Down the stretch, though, the Eagles are more fortunate. The Eagles play the 2-3 Washington Redskins, the 1-4 Carolina Panthers, the 2-2 Dallas Cowboys, the 1-3 Tampa Bay Buccaneers, the 3-2 Cincinnati Bengals and then the Redskins again.
That's six very winnable games in a row. If they want to win the division, they need to capitalize on that schedule.
The Philadelphia Eagles were smart to trade for DeMeco Ryans and draft Mychal Kendricks in the second round of this past year's draft because they face a slew of dual-threat quarterbacks in the coming weeks.
The Eagles face Robert Griffin III twice in a span of six games, as well as Josh Freeman and Cam Newton.
The Eagles have historically done well against running quarterbacks—they were always able to contain Michael Vick back when he was in Atlanta. They've never faced Newton or RGIII or Freeman. If they can do a good job of containing those quarterbacks, they should be winning those games.

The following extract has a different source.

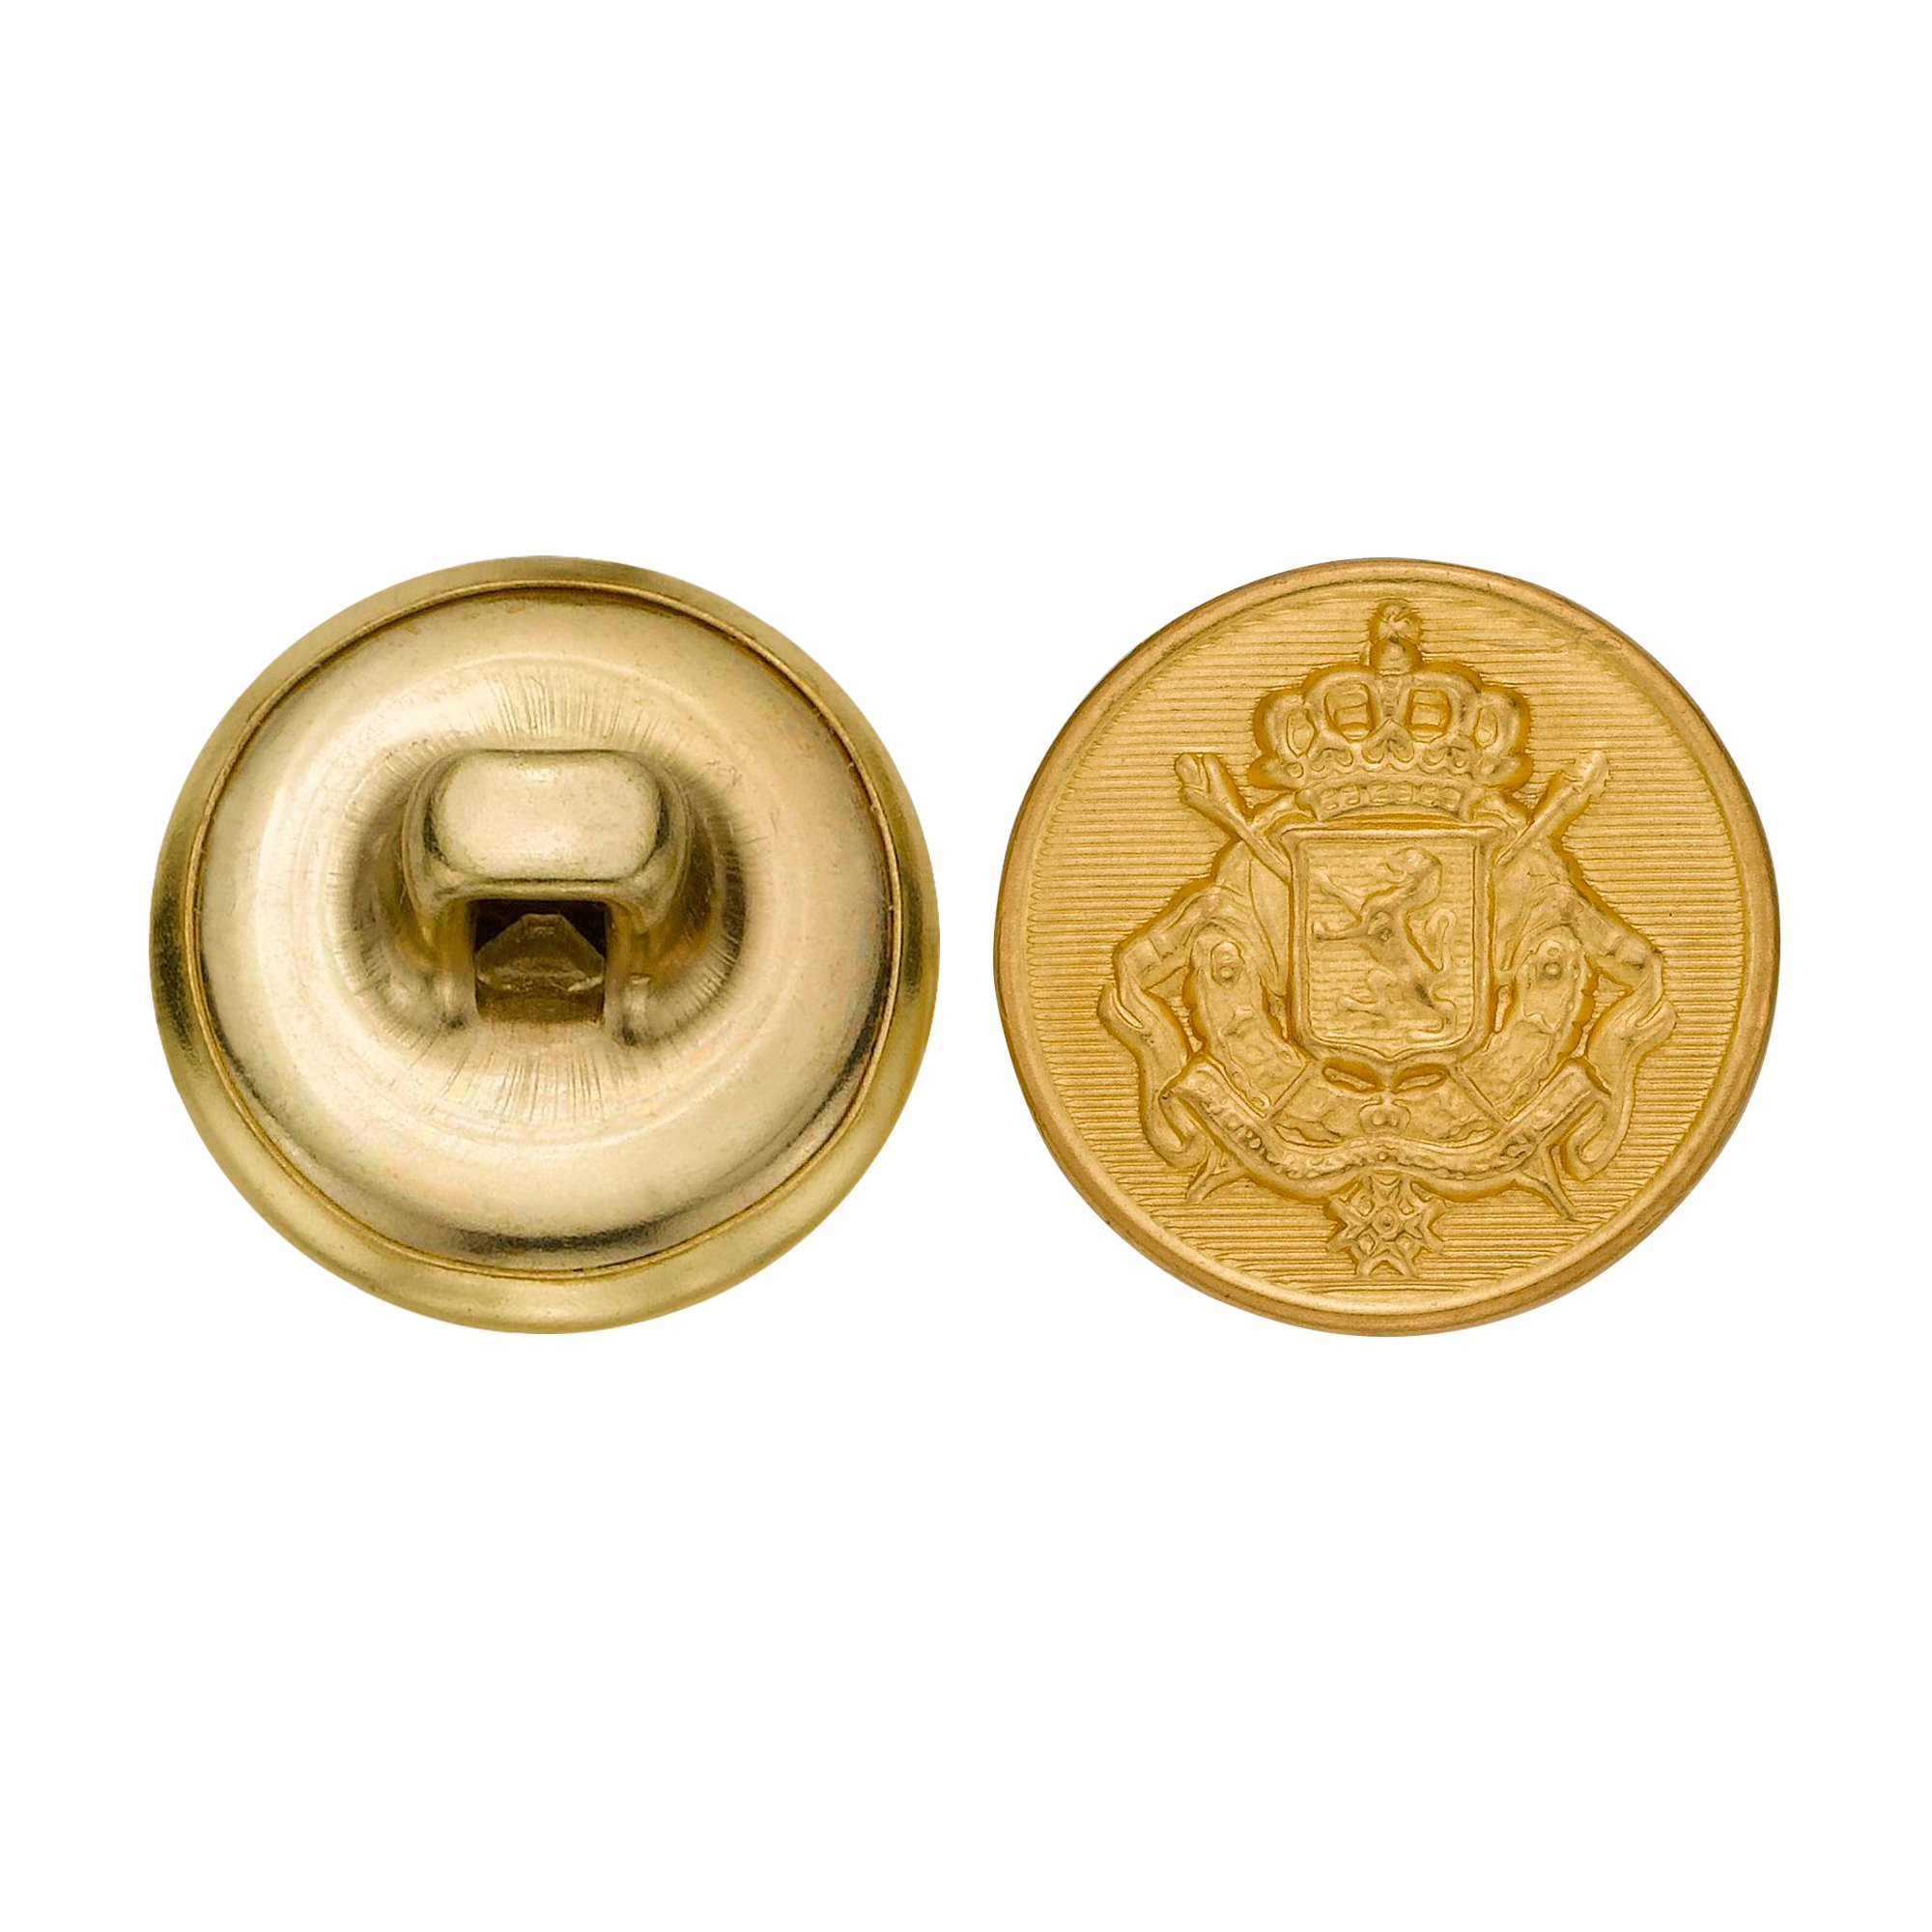 C&C Metal Products 5289 Royal Crest Metal Button, Size 24 Ligne, Gold, 72-Pack

Ultimately, the 2012 Philadelphia Eagles season could come down to what the team does against the New York Giants in the final game.
The Eagles missed the playoffs by just one game in 2007 and 2011, both times allowing the Giants to make the playoffs and then win the Super Bowl.
The Eagles held off the Giants the first time they played them, winning by one point. And if the Eagles win the final game, they will have swept the defending Super Bowl champions and they will likely be in the playoffs.